It's not fair to criticise sixties television for its poor special effects, but it is reasonable to ask whether they base their attempts on a sensible mental model of what space combat could look like. In the case of Star Trek, as the visual effects get better and better at representing their mental model, it becomes more and more apparent that the answer is no; astrogation in the Star Trek Universe is riddled with peculiar assumptions. However, my complaint here isn't primarily that ST:TNG visual effects are an insult to our intelligence; it's that greater realism, applied in moderation, would make them so much more exciting and imaginatively appealing.
Star Trek vessels are well lit in the depths of interstellar space, as are the nightsides of the planets they audibly whoosh by; meanwhile phaser beams, tractors et cetera appear as glowing lines, despite the lack of air to scatter the light. I trust you recognise this as “artistic licence” – though ST:TMP1's underlit ships were an aesthetic improvement. But do you ever wonder how anyone spots Klingons approaching at a hundred times the speed of light? Forget mere Doppler effects; the image should arrive time‐reversed, after they do! So who needs cloaking devices? Faster‐Than‐Light vision must be standard in the Star Trek Universe; as in “Tin Man” (ST:TNG3), when they watch a nova three and a half light‐hours away.
Maybe the best available rationalisation is that both the viewscreen shots and the somewhat mysterious “external views” show scenes as viewed not by human eyes, but by radarlike subspace‐sensors; which would also help to explain how Spock can always tell that “we are being scanned”.

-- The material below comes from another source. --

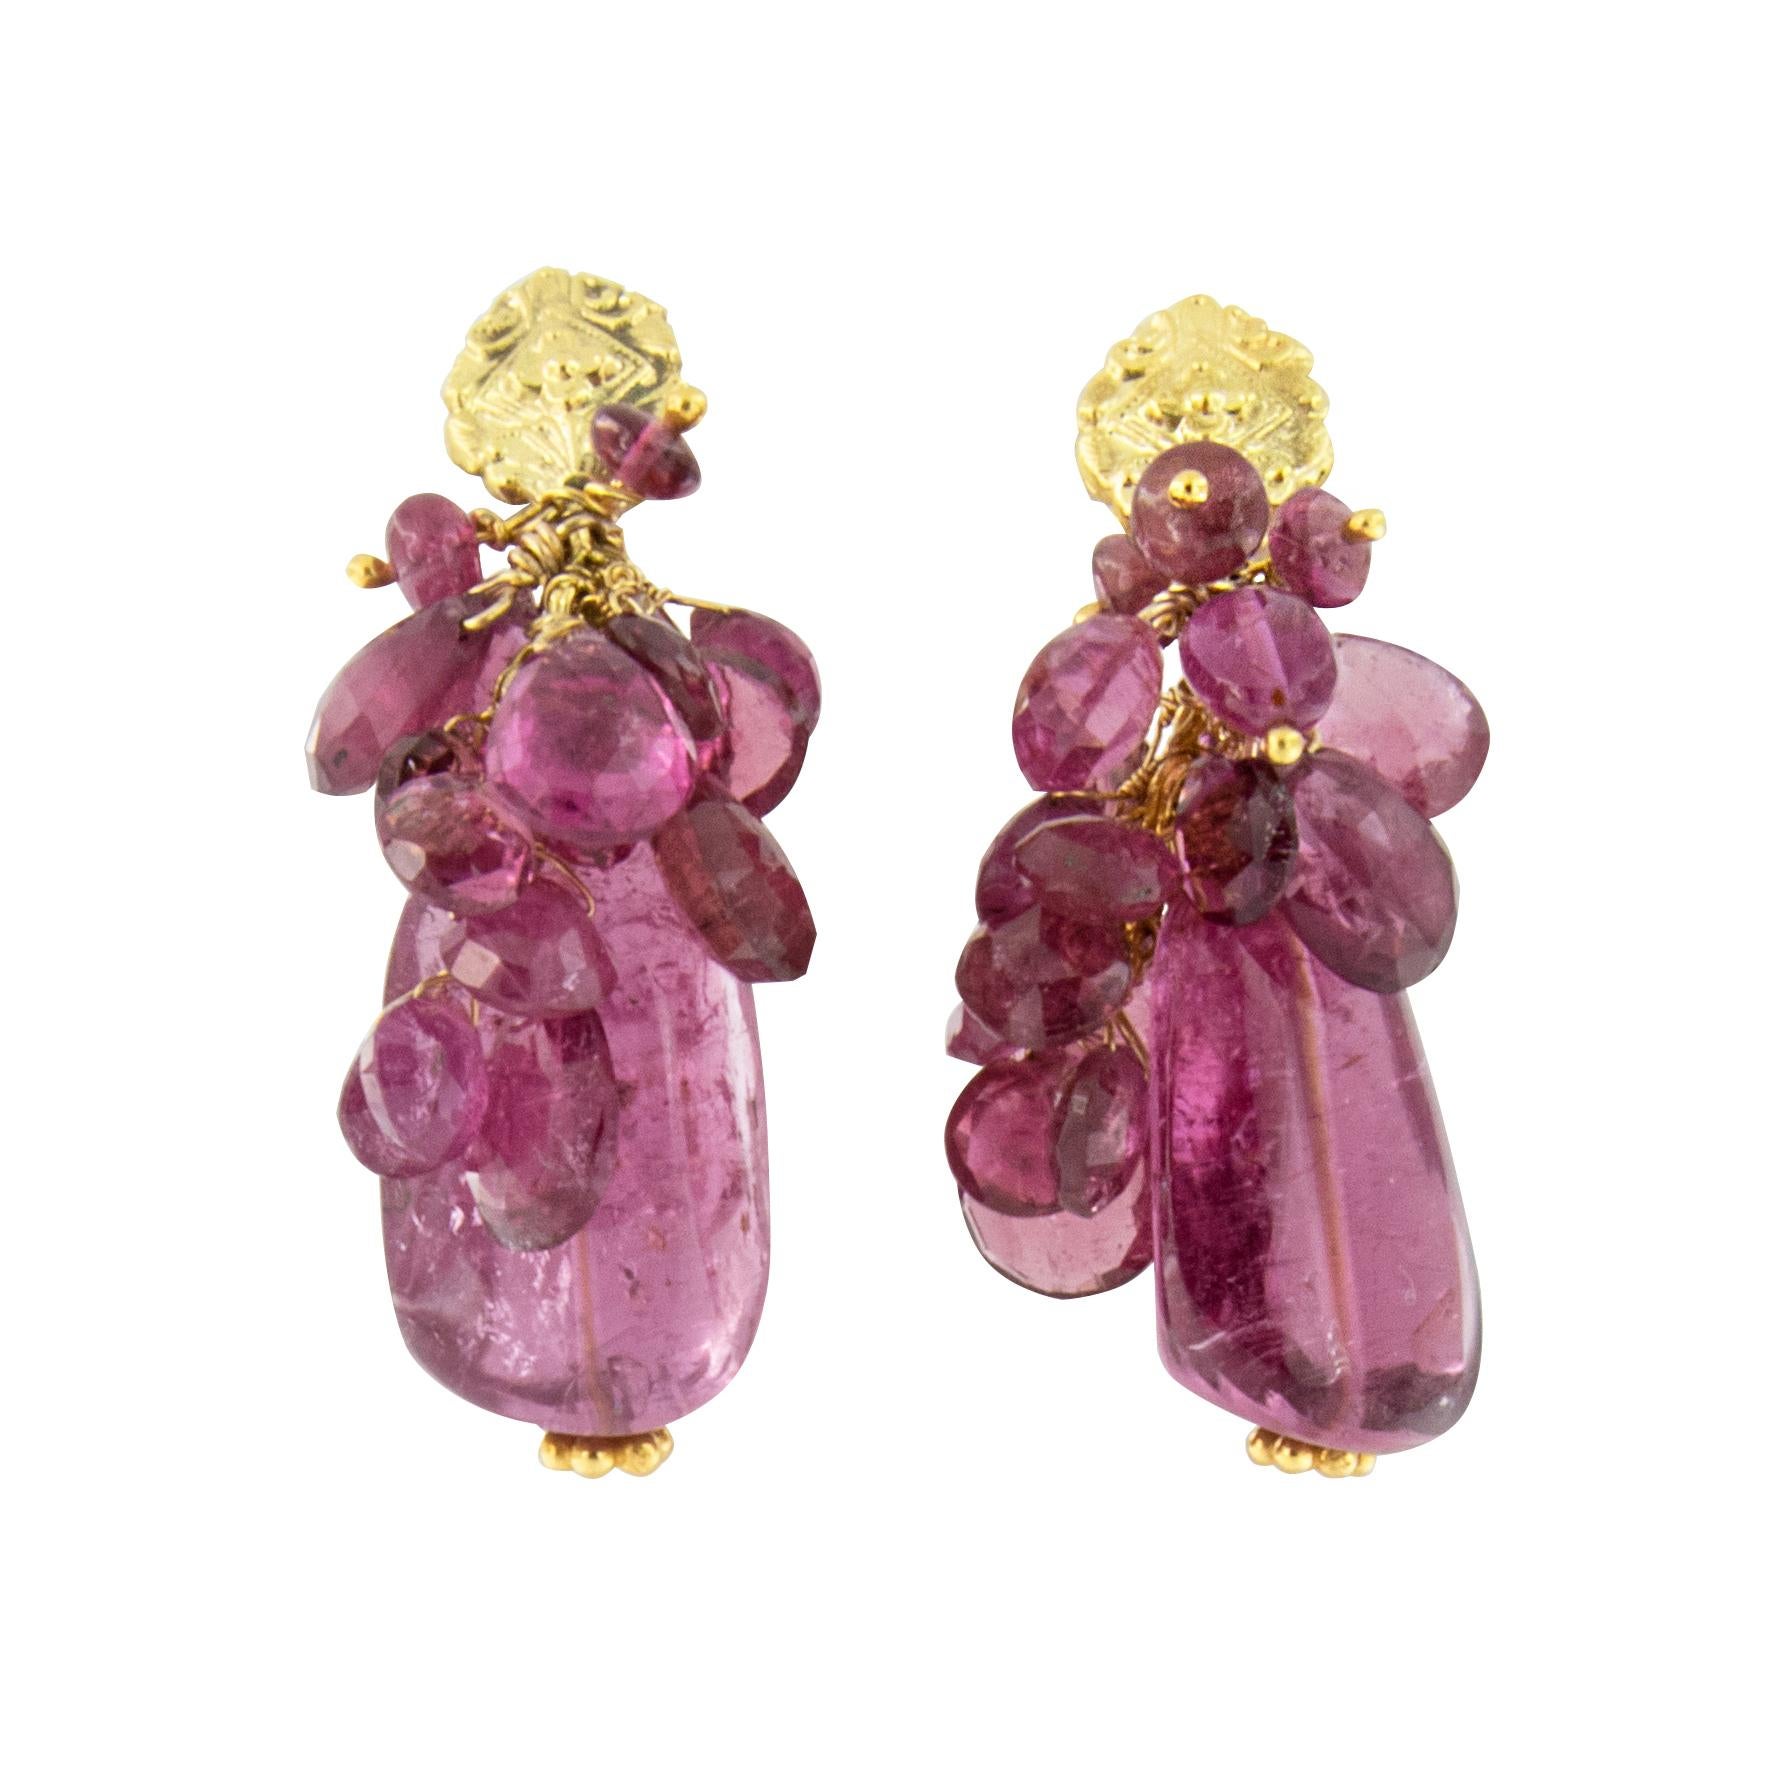 Make a statement with these beautifully hand-made 18 karat yellow gold dangle earrings with 84.42 Cttw of tumbled intense pink tourmaline drops individually wired for full movement. Designed and handmade by Susan Hoge. Susan Hoge’s work has been

What exactly are those diverging “stars” that the USS Enterprise is always flying through? If they're really stars, this implies speeds of a million‐plus times lightspeed; yet they keep zooming past even (e.g.) in “The Galileo Seven” (ST:TOS1) when the Enterprise is in a parking orbit… Well, maybe they're hydrogen molecules, or some subspatial equivalent.
Next consider the speeds and distances entailed in intersystem travel. In general, if you can see one another, then you're flying dangerously close. Nevertheless, we commonly see starships sitting nose‐to‐nose, practically immobile relative to one another (even whilst accelerating under warpdrive; as for instance in “The Survivors”, ST:TNG3). Maybe these views are computer‐enhanced, and largely conventionalised to suit human psychological needs? Let us pretend so; I will hypothesise furthermore that the “stars” are added as a false‐texture speed indicator by their Viewscreen Computers. Similarly the atmospheric sound effects.
Then there's combat. Fights can occur at warp eight (“Journey to Babel”, ST:TOS2), but nobody exploits manoeuvres like the Dewarp and Backstab Your Pursuers tactic or has trouble with the ranges during head‐on charges. FASA's Star Trek wargame simply outlaws warp factor changes, treating it as if it were all slower‐than‐light; a blatant cop‐out. Note (“Balance of Terror”, ST:TOS1) that plasma bolts, phaser beams, and so on move much faster than starships, while the beam of a hand phaser is so slow you can see it move! We must assume ships' phasers are souped up with some kind of extra subspace field, which may explain their visibility in scanners.
All movement in the Star Trek Universe is two‐dimensional. Starships, including newly met aliens, only operate on the plane, never exhibiting pitch, roll, or yaw, let alone diving or climbing. Everyone agrees which way is “down” (Borg vessels fly the same way up as the NCC1701D), and goes into orbit round planets at similar odd angles. Moreover, motion is not only pre‐Einsteinian, but Aristotelian! Drives producing constant thrust induce a constant velocity, not acceleration, so you can do warp‐9.8 hairpin turns without slowing down (“Encounter at Farpoint”, ST:TNG0); but if you are power‐drained like the shuttles in “The Voyage Home” (ST:TMP4) you swiftly coast to a halt.
The paradigm is one of roughly World‐War‑I‐style naval warfare, with ships limited to two‐dee movement through a resisting medium. Cloaked vessels are metaphorical submarines; “The Wrath of Khan” (ST:TMP2) adds one solitary “submerge‐and‐resurface” tactic (and boasts of this “three‐dee thinking”); while ST:TNG tries to make its manoeuvring look a little more flexible. But none of this rises to the level of Battlestar Galactica's World War II aircraft‐carrier warfare metaphor, or Star Wars' aerial dogfight paradigm, let alone treating all three dimensions as equally useful, and no particular direction as “down”. Is it too late to start imperceptibly phasing in this kind of imagery?